There’s a lot of fuss made over films that manage to ‘get inside the mind of a criminal’, as though the average cinemagoer might be so unimpeachably ethical that only a storyteller of the highest order could persuade him or her to empathise with a wrong ‘un. Such films cast their audience members as complicit in some act of lawlessness, by aligning them with the perpetrators’ actions, motives and emotions. In Sofia Coppola’s The Bling Ring, that process takes all of 30 seconds, and is so utterly convincing that I’m still not sure whether any of the film’s supposed antiheroes did anything wrong.
As they roam from celebrity home to celebrity home, looting Louboutins and posing for photographs with Paris Hilton’s self-portrait-covered pillow cases, there’s rarely a sense that anything much is at stake. Leader of the pack Rebecca (Emma Watson’s Nicki is more of a comic foil) makes something of a catchphrase out of her frequent reassurance that “everything’s fine”, and most of the time I was inclined to agree with her. After all, the valuables the gang steal go habitually unnoticed by their complacent owners, their celebrity victims have — in many cases — got where they are today by methods scarcely more upstanding, and of course, it’s not stealing when rich, white people do it.
In the minds of the eponymous Ring, breaking into Orlando Bloom’s house and stealing a gold watch is more or less akin to going to a party at his place and taking a photograph of his fridge — it’s a memento, not a cause for legal action. The first name terms they use for the likes of Paris, Demi and Ashton are a glaring clue that there’s no particular division between victim and perpetrator here — both groups exist within the same amorphous Hollywood bubble. So when Marc asks Rebecca, “if I ever became not your friend any more, would you rob me?”, the answer is irrelevant. Some other Rebecca will.
This being a Sofia Coppola film, there are plenty of cameos, but for once they’re all completely justified. When the gang go to an LA club and spot Paris Hilton, shortly before they first investigate her living quarters, we realise that we’re essentially watching a documentary. Sure, Hilton is acting (sort of) and the kids aren’t actually members of the 2008 Hollywood crime syndicate from which the film takes its name, but the dynamic is largely the same. Tomorrow, Israel Broussard, Katie Chang and Claire Julien will be hot properties, and by June they’ll probably wind up back in the same club the scene was shot in, only this time as genuine VIPs. The lines they snort here might be a synthetic substitute, but who’s to say what went down at the film’s Cannes premiere the other night? Coppola must surely be awake to the self-reflexivity of all of this, not to mention the irony of poking fun at Paris Hilton, perhaps the only poster child for nepotism more widely cited than herself.
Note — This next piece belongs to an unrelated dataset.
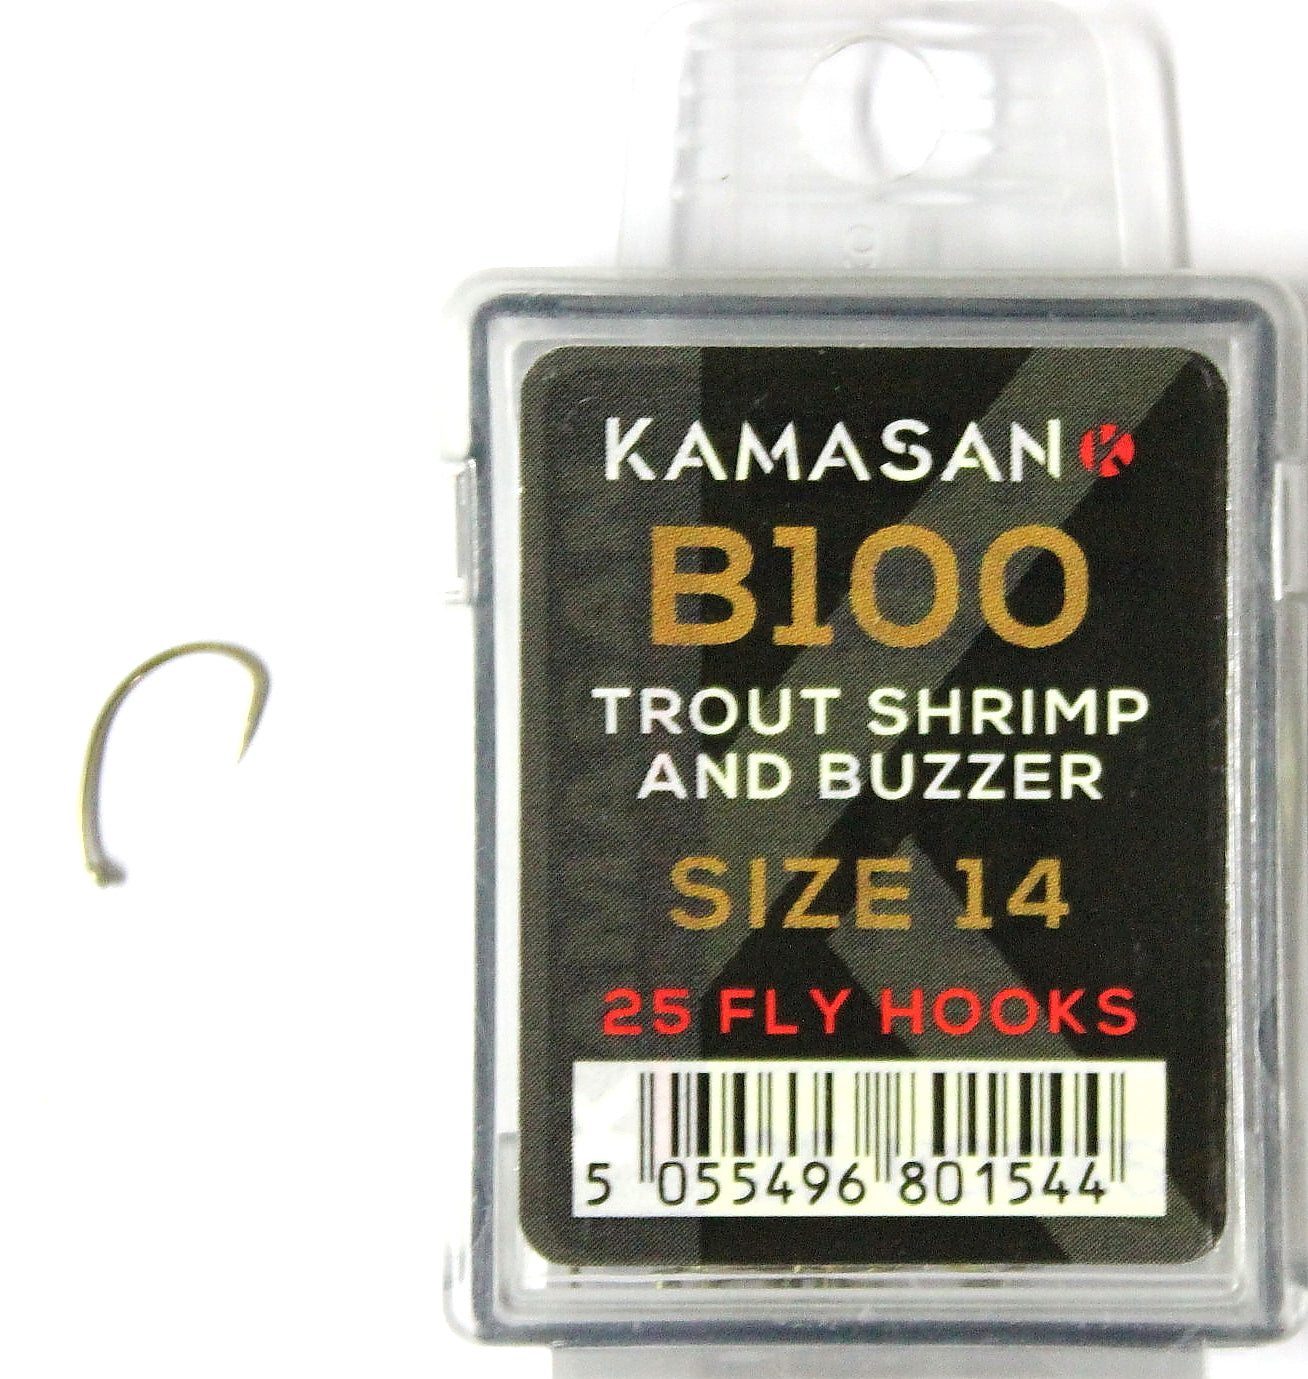 Kamasan Fly Hooks B100 size 16 Qty 25 for Trout, Shrimp and Buzzer –  Ultimate Fishing and Outdoors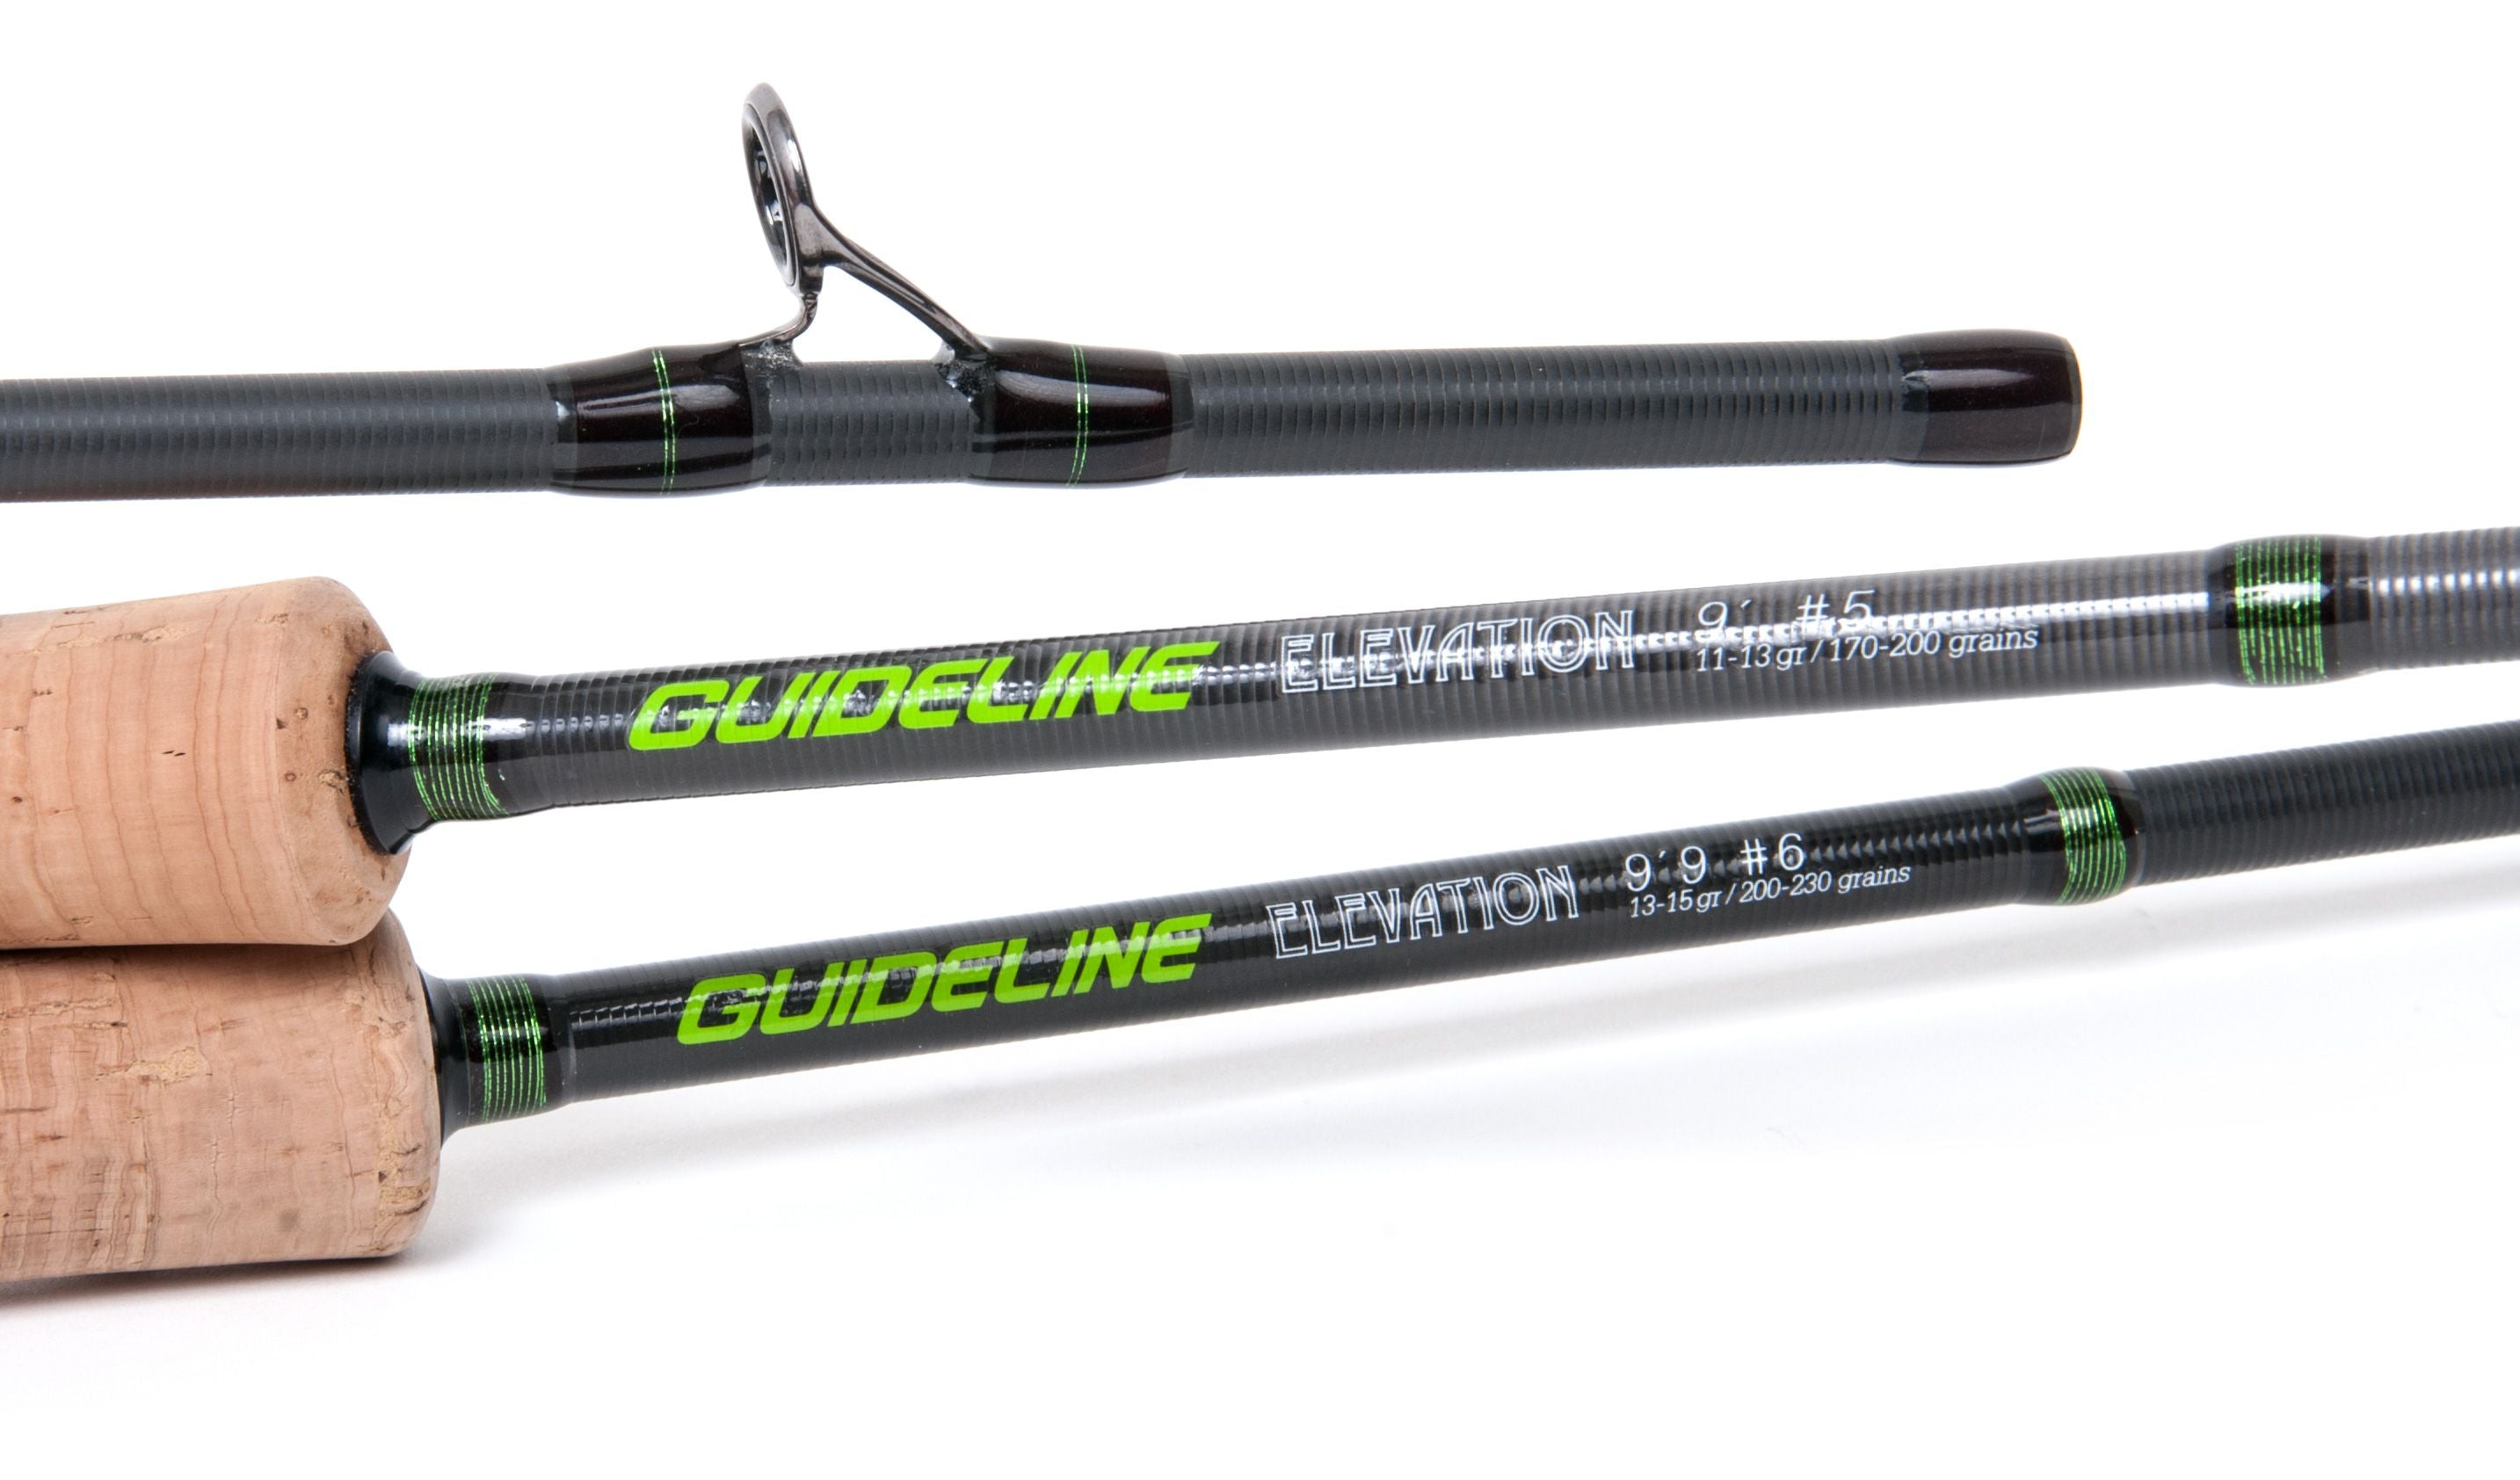 GUIDELINE ELEVATION SH 4PCE FLY RODS -  25% OFF!

The late cinematographer Harris Savides locates the film somewhere in the intersection of a Ruben Östlund film and The Sims — all cold distance and static emptiness — but that does little to disguise the fact that this is Coppola’s most brazenly involved film to date, a mess of autobiographical ideas so dense that all pretence of objectivity is soon eradicated. It’s no wonder the bad guys are hard to pick out of a line-up.